◆ **AVAILABLE DATA**:
_ _ _ _ _

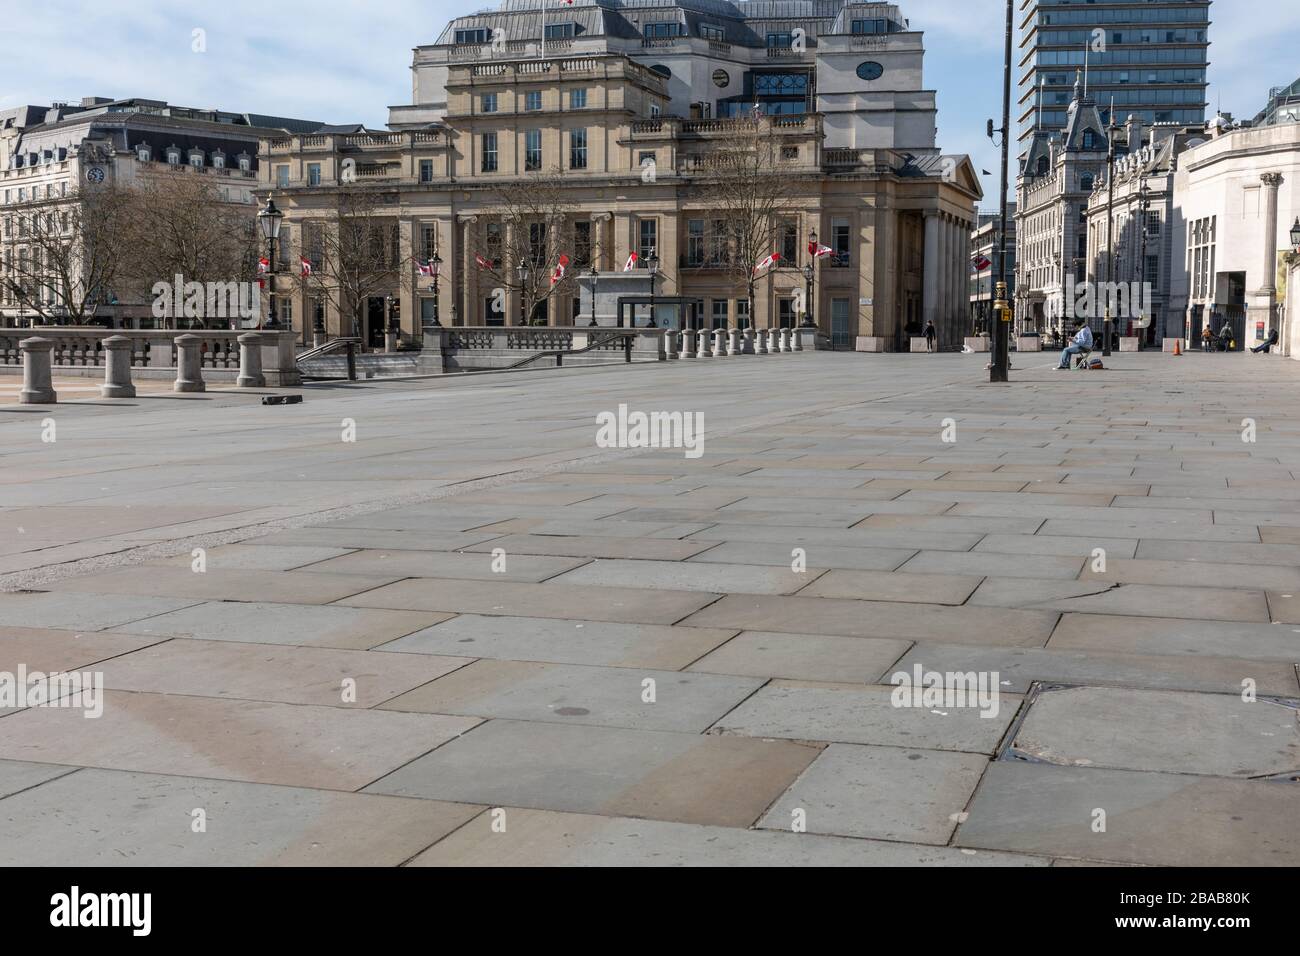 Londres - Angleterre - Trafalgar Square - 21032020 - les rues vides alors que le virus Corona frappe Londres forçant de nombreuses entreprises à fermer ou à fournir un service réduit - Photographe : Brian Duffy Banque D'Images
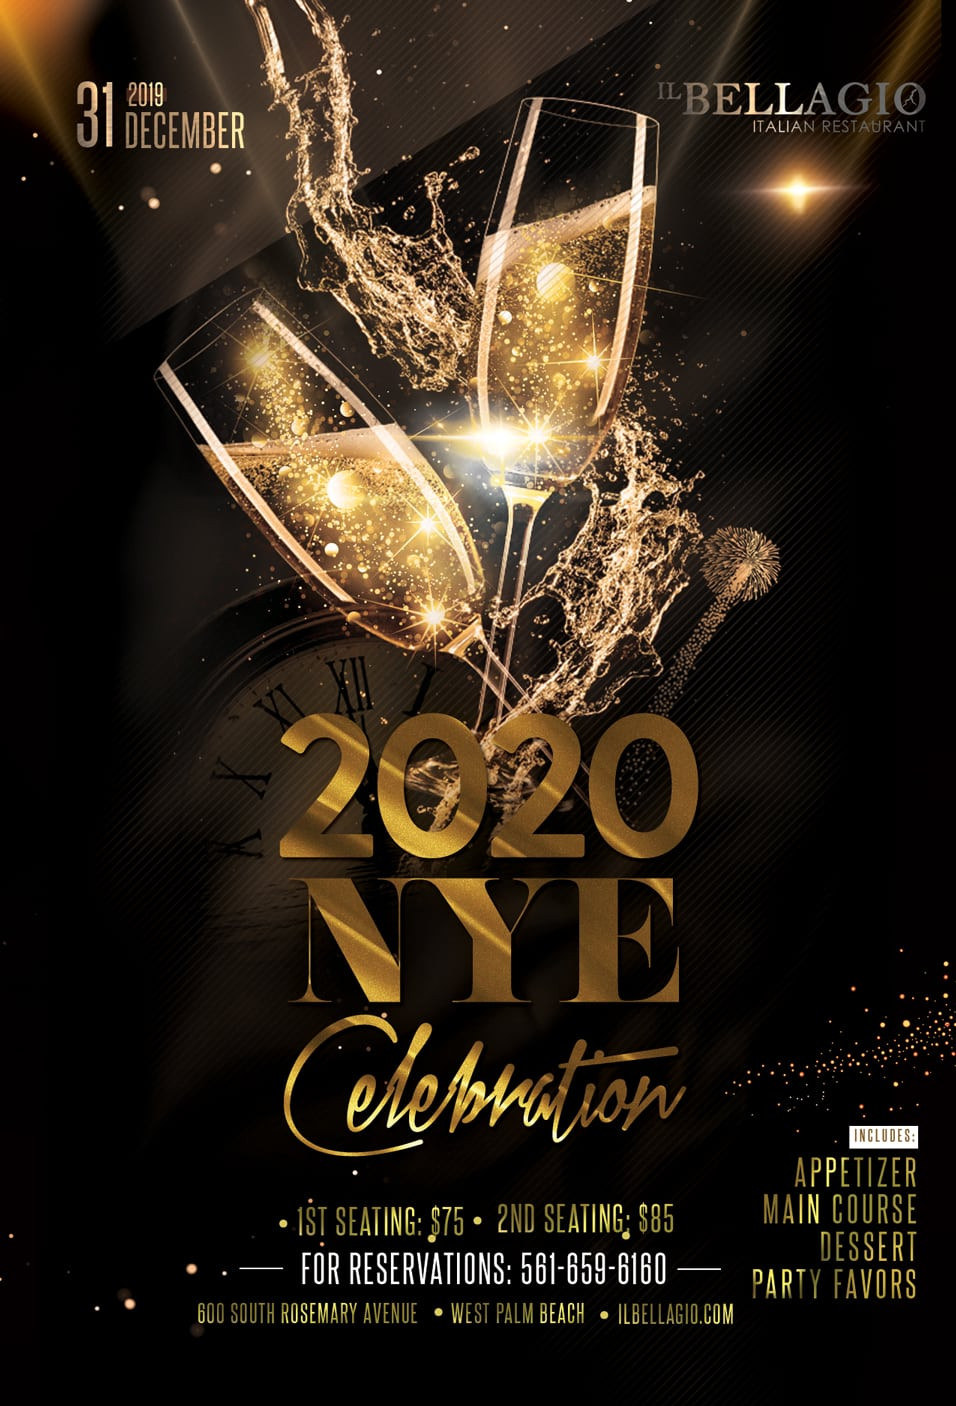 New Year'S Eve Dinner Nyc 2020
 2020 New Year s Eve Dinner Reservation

_ _ _ _ _

◆ **ASSIGNMENT**: A word-for-word repeat is expected of the lines from the one with "New Year'S Eve Dinner Nyc 2020" to the end of the data, both included; pictures are not part of it.

◆ **OUTPUT BELOW**:
 New Year'S Eve Dinner Nyc 2020
 2020 New Year s Eve Dinner Reservation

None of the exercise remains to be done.